One of the things I learned growing up as a Southern Baptist was there were different approaches to the Lord’s Supper. Open Communion meant anyone who was a Christian could take part in the meal. Close Communion meant it was just for Baptists. Closed Communion meant it was only open to members of that church. Even as a kid , I wondered why we didn’t trust each other to invest ourselves in the meal as we passed the grape juice and broken Saltines. How can you participate in a meal wholeheartedly if you aren’t sure about the other folks at the table?
In most of the UCC churches I’ve been in, Communion is open to anyone who needs it.

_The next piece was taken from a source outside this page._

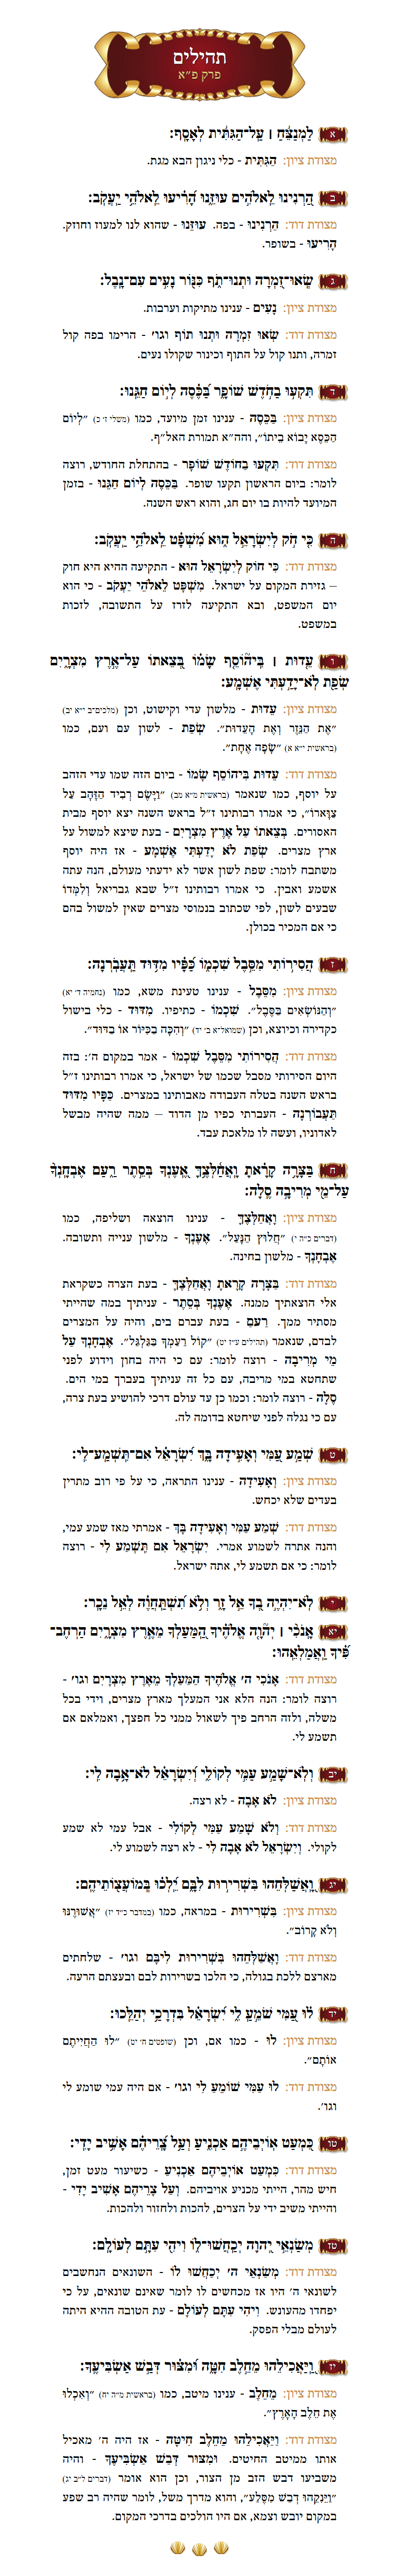 Sefer Tehillim Chapter 81 with commentary

“No matter who you are or where you are on life’s journey, you’re welcome here,” we say. Grace doesn’t need police protection. What the rabbi offered us today was no different.
My hands supported one of the seams that stitched together two pages of the parchment. I could feel the ridge and the twine or sinew that held them together. As she told the story of the scroll, I tried to imagine the mystic scribe who so copiously copied the text, knowing the flow of faith and tradition was moving through him. I tried to imagine the Czech congregation that once touched the scroll as we were doing, who carried their faith with them to concentration camps and gas chambers, even after they were separated from their precious Torah. I thought about the photo exhibit I saw in the Holocaust Museum in Washington D.C. years ago of a Jewish town in Macedonia that was completely exterminated by Hitler, leaving only black and white pictures to chronicle their existence. They lined all four twenty-foot walls of the exhibit, hundreds of eyes looking back at me, unable to tell their stories.
I was standing between one of my junior high kids and the bus driver who brought the group over from Hanover; across from me was a woman from Baltimore who took her hands off of her walker to hold the scroll that held Moses’ articulation of the Law designed to keep both the Jewish faith and community alive for centuries to come.
And we were holding it between us.
My early Baptist roots tell me, when they opened the door and we sang for Elijah to come, I should have found a way to tell them they were waiting on the wrong guy. Jesus had already come. As the cantor sang in Hebrew and we tried to follow along, that was not what I wanted to say at all. With the scroll stretched out across my palms, I did not feel like a stranger or an evangelist; I felt like a fellow traveler. God was in the shared unrolling of that parchment just as God is in the shared meal we will serve next Sunday in our church. The love of God is wider than the measure of our minds.
One of the words I learned to day was “daiyeinu” – “it would have been enough to be grateful to God.” Each step of our story of faith is not enough to finish the story, but it is enough to respond gratefully, which is what we are called to do.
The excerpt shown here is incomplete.